GUR-3 detects hydrogen peroxide, whether it is found naturally in the environment or generated by light. There are many GUR-3 receptors in the I2 neuron, and through a mechanism that remains unknown, hydrogen peroxide stimulation of GUR-3 causes the pharynx to stop grinding. Another molecule called peroxiredoxin, an antioxidant, appears to help GUR-3 detect hydrogen peroxide.

While the GUR-3 receptor responds much more strongly to hydrogen peroxide than to light, the LITE-1 receptor is much more sensitive to light than to hydrogen peroxide. LITE-1 has previously been implicated in detecting light, but until now, it has been a mystery how a taste receptor could respond to light. The new study suggests that like GUR-3, LITE-1 indirectly senses light by detecting reactive oxygen compounds generated by light — including, but not limited to, hydrogen peroxide.

Kenneth Miller of the Oklahoma Medical Research Foundation published a paper in 2008 describing LITE-1 and hypothesizing that it might work by detecting a chemical product of light interaction. “This paper goes one step beyond that and identifies molecules that LITE-1 could be sensing to identify the presence of light,” says Miller, who was not part of the new study. “I thought it was a fascinating look at the complex gustatory sensory mechanism for molecules like hydrogen peroxide.”

Not found in humans

The molecular family of receptors that includes GUR-3 and LITE-1 is specific to invertebrates, and is not found in humans. However, peroxiredoxin is found in humans, particularly in the eye, so the researchers suspect that peroxiredoxin might play a role in detecting reactive oxygen species generated by light in the eye.

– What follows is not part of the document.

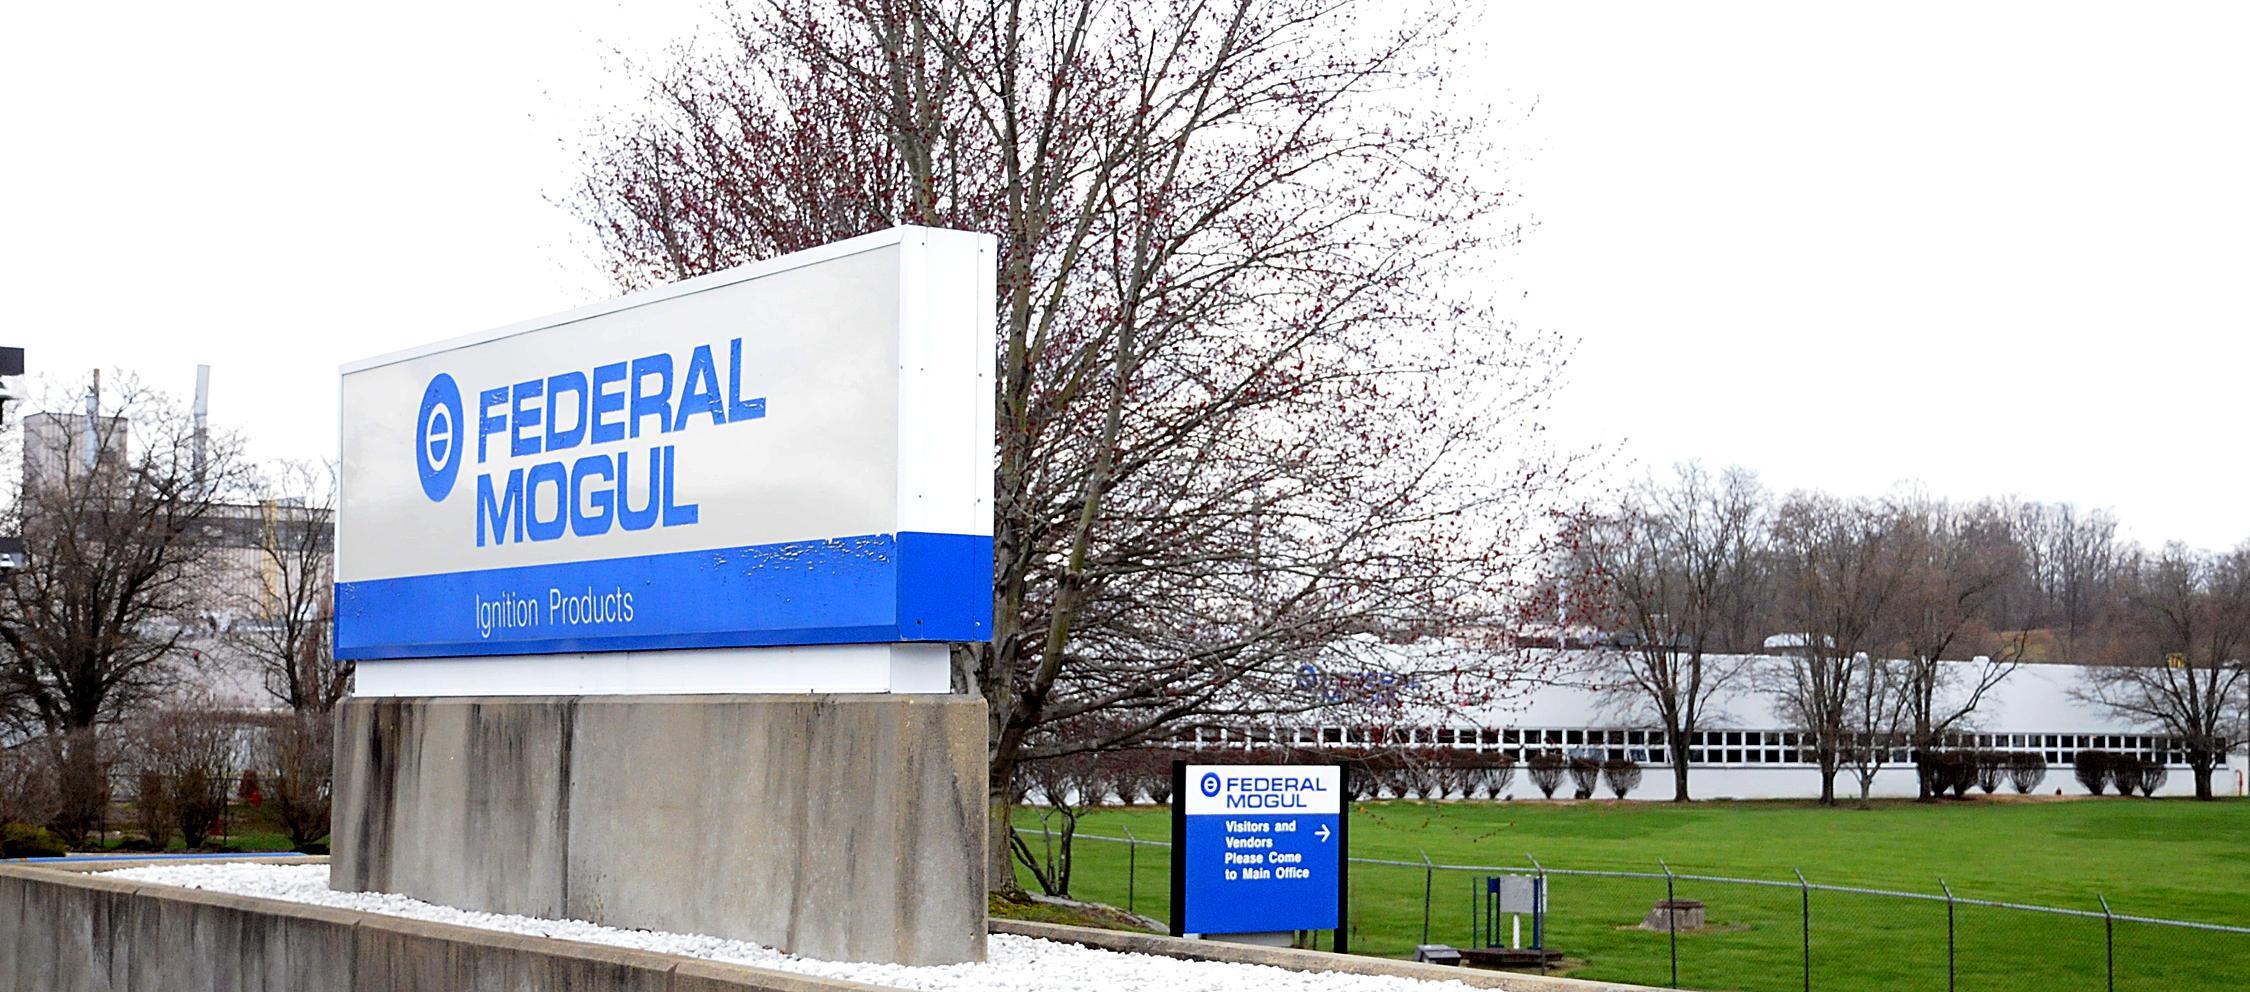 Tenneco Acquires Federal-Mogul in USD 5.4 Million Deal

The researchers are now trying to figure out the exact mechanism of hydrogen peroxide detection: For example, how exactly do these gustatory receptors detect reactive oxygen compounds? The researchers are also working to identify the neural circuit diagram that defines how the I2 neurons interact with other neurons to control the worms’ feeding behavior. Such neural circuit diagrams should provide insight into how the brains of worms, and people, generate behavior.

The research was funded by the National Science Foundation, the National Institutes of Health, and the Howard Hughes Medical Institute.